Why is this rule needed now?
While ICWA has been in place since 1978, compliance with ICWA has been inconsistent across, and even within, States. As a result, many of the issues that ICWA was intended to address continue to exist today:
Native American children are still disproportionately more likely to be removed from their homes and communities than other children. Indian families continue to be broken up by the removal of their children by non-Tribal public and private agencies. Nationwide, based on 2013 data, Native American children are represented in State foster care at a rate 2.5 times their presence in the general population. In some States, Native American children are represented in State foster-care systems at rates as high as 14.8 times their presence in the general population of that State.
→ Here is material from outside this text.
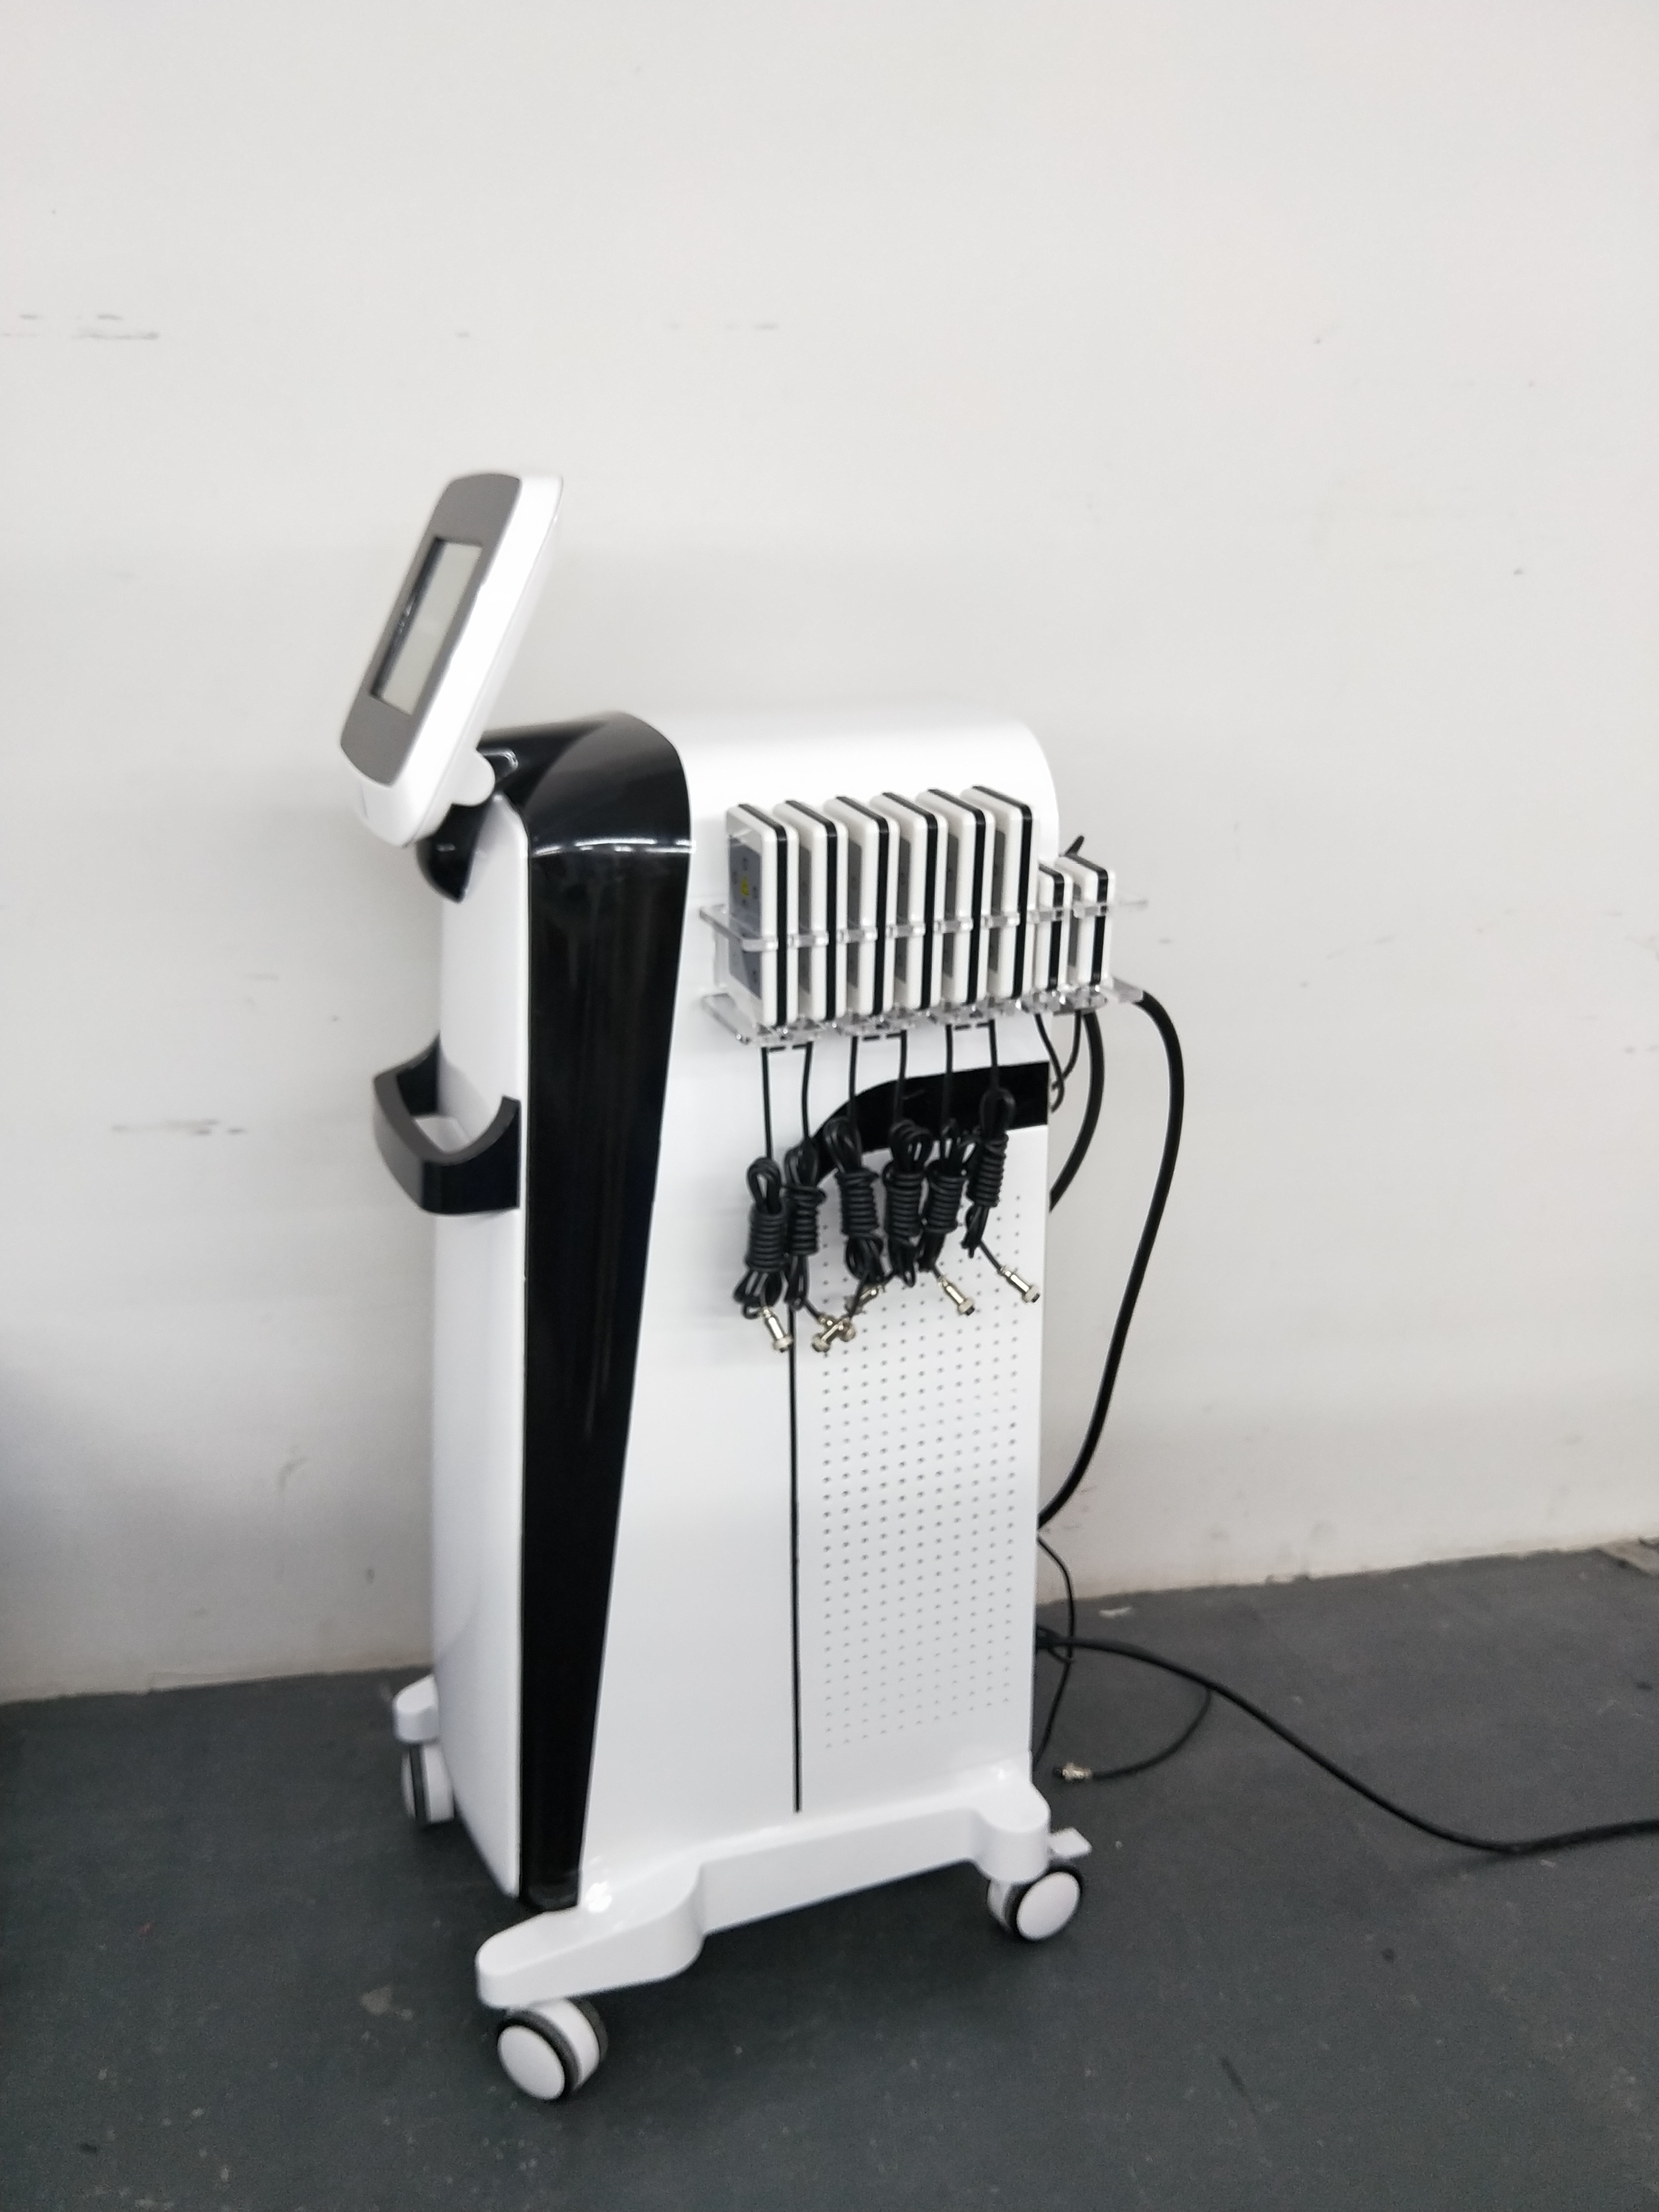 Factory Laser Cavitation Fat System LS650 Weight Loss Machine RF Skin Rejuvenation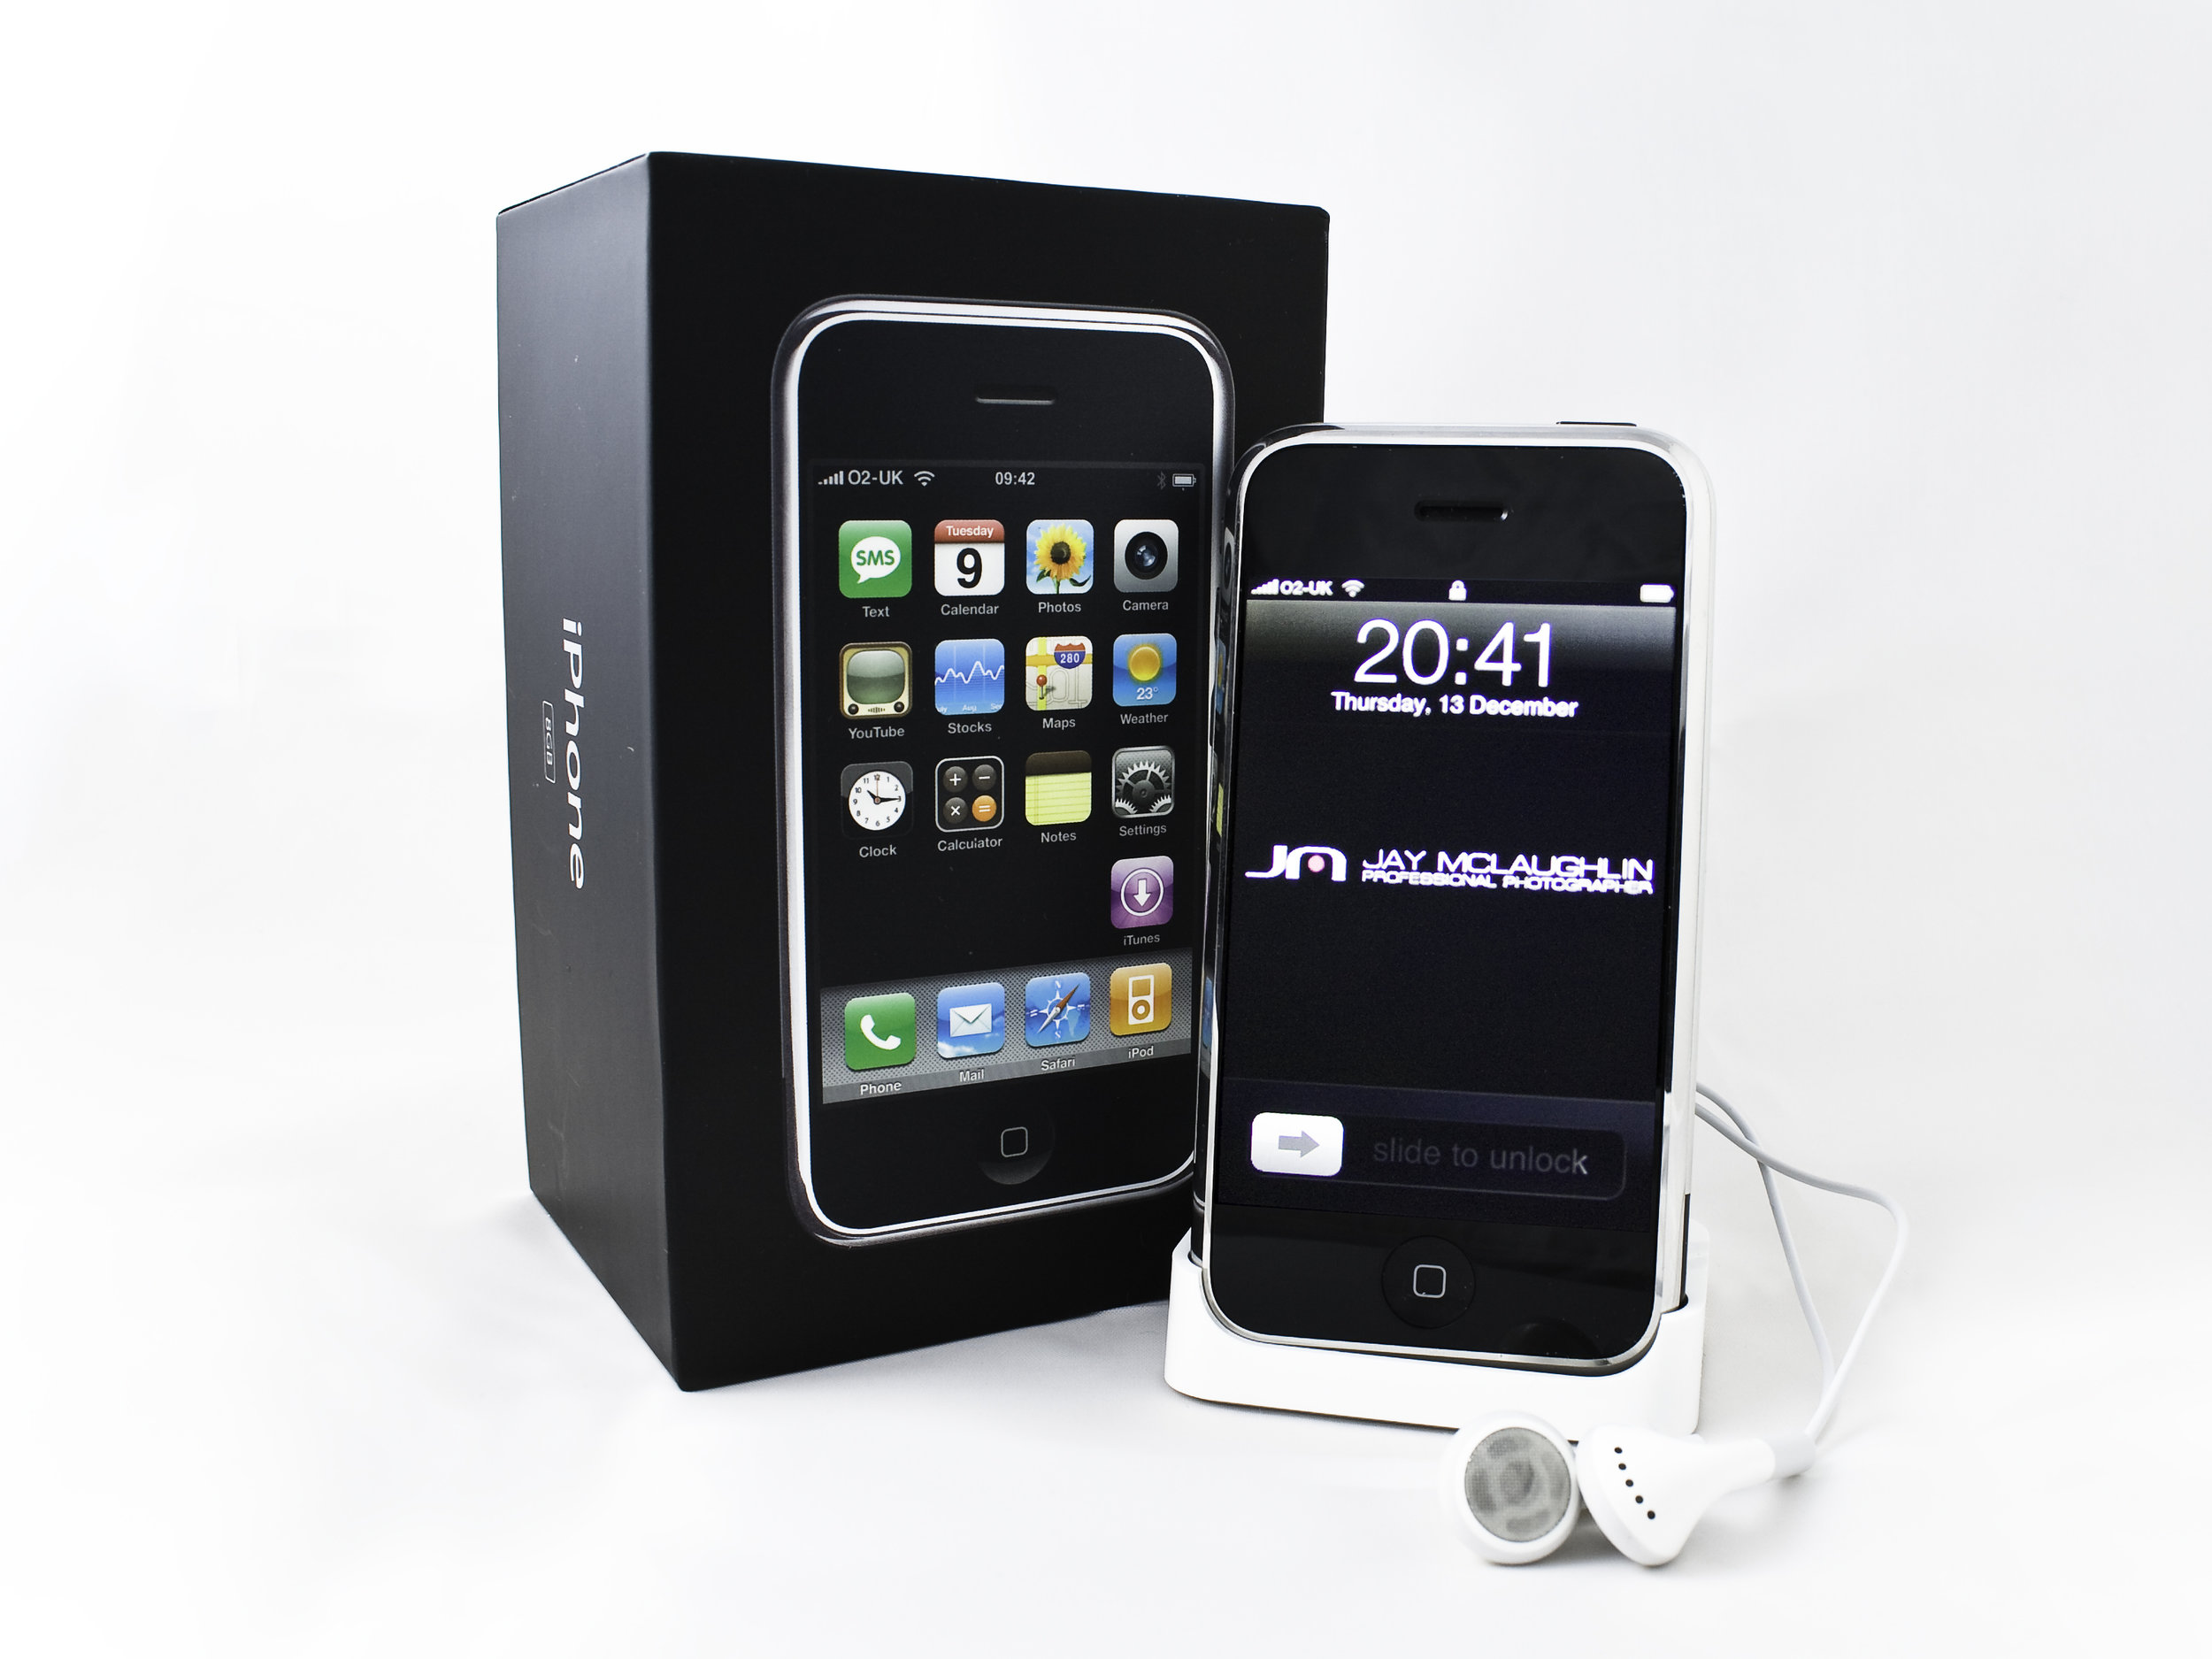 iPhone 2G Original Retro Vintage 8GB Jay McLaughlin

Differing interpretations of ICWA provisions by individual States and State courts have created substantial variation in how this Federal law is applied. This final rule promotes the uniform application of an important Federal law to protect the rights of Indian children, their parents, and their Tribes, regardless of the child welfare worker, judge, or State involved.
Who is subject to ICWA?
ICWA applies to any State child-custody proceeding involving an “Indian child,” based on the child’s political affiliation with the Tribe. A child is an “Indian child” only if: (1) The child is himself or herself a member of a federally recognized Tribe; or (2) The child’s parent is a member of a federally recognized Tribe and the child is eligible for membership.
What if I don’t want ICWA to apply to me?
ICWA applies only if the child or parent is a citizen of a federally recognized Tribe. Parents may choose to not apply for Tribal citizenship for themselves or their child, or may renounce their Tribal citizenship. If a parent of the child is not a Tribal citizen, and the child is not a Tribal citizen, ICWA does not apply.
Does ICWA allow Tribes to “claim” children?
No. ICWA applies only to children who are citizens of a federally recognized Tribe, or who are eligible for citizenship and the child’s parent is a citizen of the Tribe.